Give back exactly the lines of the entries below from the line with "Outstanding Esquemas Electricos" to the line with "Dverový alarm DG6 33609, 95 dB", inclusive, and only those.

=== Given records ===

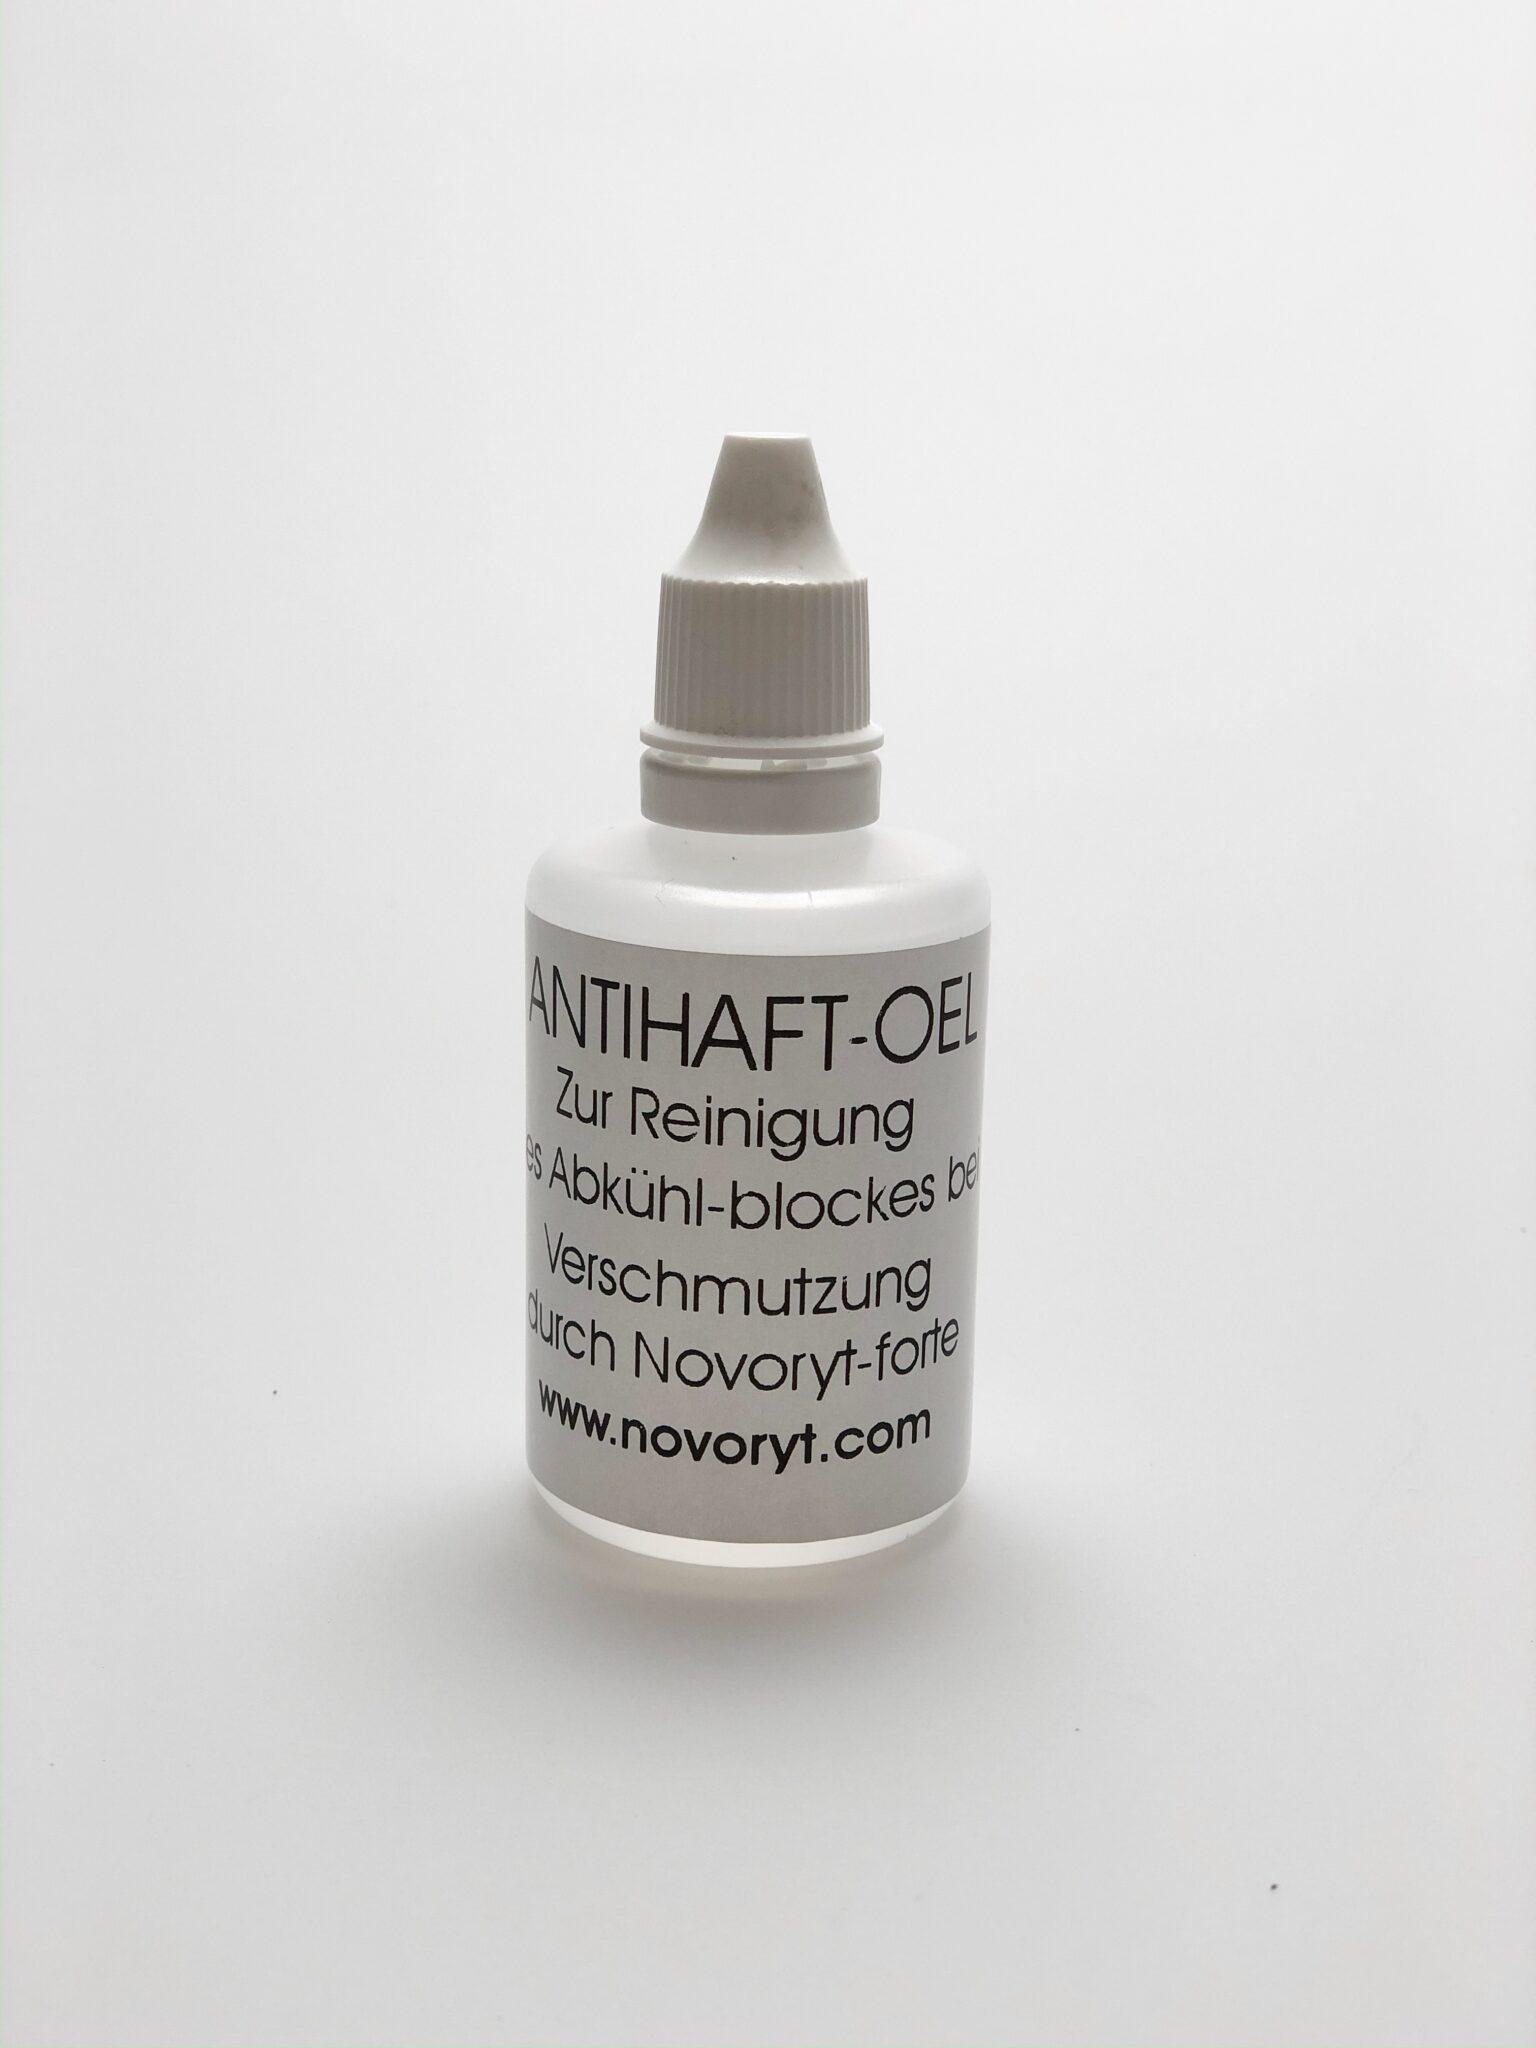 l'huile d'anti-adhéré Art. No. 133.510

===
=== Given records ===

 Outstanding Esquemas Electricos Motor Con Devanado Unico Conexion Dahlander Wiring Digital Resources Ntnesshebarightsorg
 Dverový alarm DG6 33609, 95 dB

===

Response box:
 Outstanding Esquemas Electricos Motor Con Devanado Unico Conexion Dahlander Wiring Digital Resources Ntnesshebarightsorg
 Dverový alarm DG6 33609, 95 dB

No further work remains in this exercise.